33. Frangipani • A highly scalable distributed file system developed and deployed at the Digital Systems Research Center.

34. Frangipani (cont’d) • The responsibility for managing files and associated tasks is assigned to hosts dynamically. • All machines see a unified file name space with coherent access to shared updatable files.

35. Frangipani - System Structure • Two totally independent layers - 1. Petal distributed virtual disk system - Data is stored in a log-structured and striped format in the virtual disk store. - Providing a storage repository - Providing highly available storage that can scale in throughput and capacity as resources are added to it - Petal implements data replication for high availability, obviating the need for Frangipani to do so.

36. Frangipani - System Structure (cont’d) 2. Frangipani server modules. - Providing names, directories, and files - Providing a file system layer that makes Petal useful to applications while retaining and extending its good properties.

37. Frangipani

38. Frangipani

39. Frangipani

40. Frangipani

41. Frangipani - Logging and Recovery • uses write-ahead redo logging of metadata to simplify failure recovery and improve performance. • User data is not logged. • Each Frangipani has its own private log in Petal. • As long as the underlying Petal volume remains available, the system tolerates an unlimited number of Frangipani failures.

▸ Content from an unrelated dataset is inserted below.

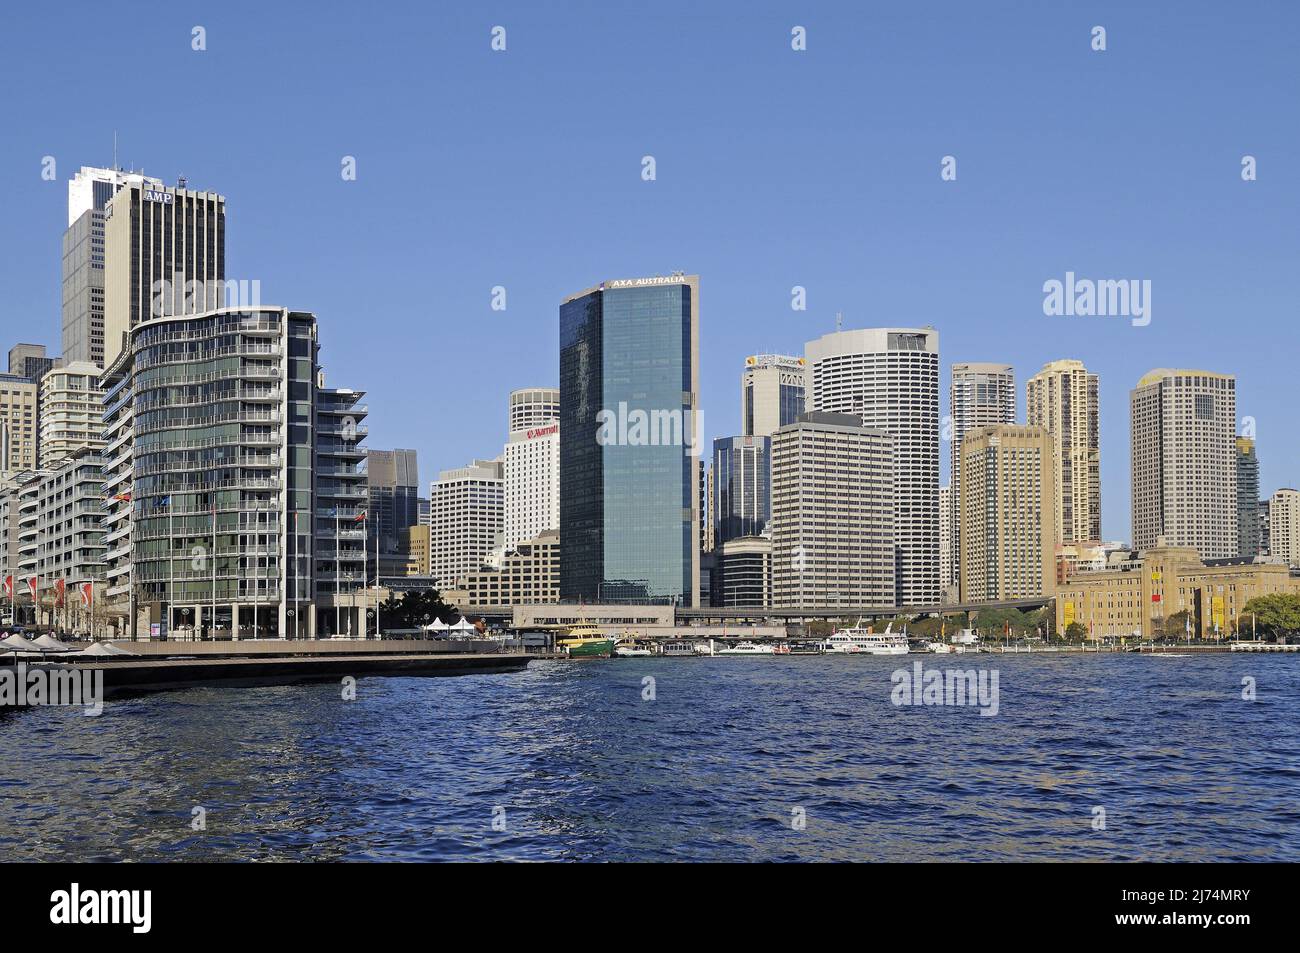 Skyscrapers of the financal districat at the Circular Quay in Sydney, Australia, Sydney Stock Photo

42. Frangipani - Logging and Recovery • Frangipani’s locking protocol ensures that updates requested to the same data by different servers are serialized. • Frangipani ensures that recovery applies only updates that were logged since the server acquired the locks that cover them, and for which it still holds the locks.

43. Frangipani - Logging and Recovery • Recovery never replays a log describing an update that has already been completed. • For each block that a log record updates, the record contains a description of the changes and the new version number. • During recovery, the changes to a block are applied only if the block version number is less than the record version number.

44. Frangipani - Logging and Recovery • Frangipani reuses freed metadata blocks only to hold new metadata. • At any time, only one recovery demon is trying to replay the log region of a specific server. • If a sector is damaged such that reading it returns a CRC error, Petal’s built-in replication can recover it.

45. Frangipani - Logging and Recovery • In both local UNIX and Frangipani, a user can get better consistency semantics by calling fsync at suitable checkpoint.

46. Frangipani - Synchronization and Cache Coherence • Frangipani uses multiple-reader/single-writer locks to implement the necessary synchronization. • When the lock service detects conflicting lock requests, the current holder of the lock is asked to release or downgrade it to remove the conflict.

47. Frangipani - Synchronization and Cache Coherence • When a Frangipani crashes, the locks that it owns cannot be released until appropriate recovery actions have been performed. • When a Frangipani’s lease expires, the lock service will ask the clerk on another machine to perform recovery and release all locks belonging to the crashed Frangipani.

48. Frangipani - Synchronization and Cache Coherence • Petal can continue operation in the face of network partitions, as long as a majority of the Petal remain up and in communication. • The lock service continues operation as long as a majority of lock servers are up and in communication.

49. Frangipani - Synchronization and Cache Coherence • If a Frangipani server is partitioned away from the lock service, it will be unable to renew its lease. • If a Frangipani server is partitioned away from Petal, it will be unable to read or write the virtual disk.

50. Frangipani - Adding Servers • The new server need be told which Petal virtual disk to use and where to find the lock service. • The new server contacts the lock service to obtain a lease, determines which portion of the log space to use from the lease identifier.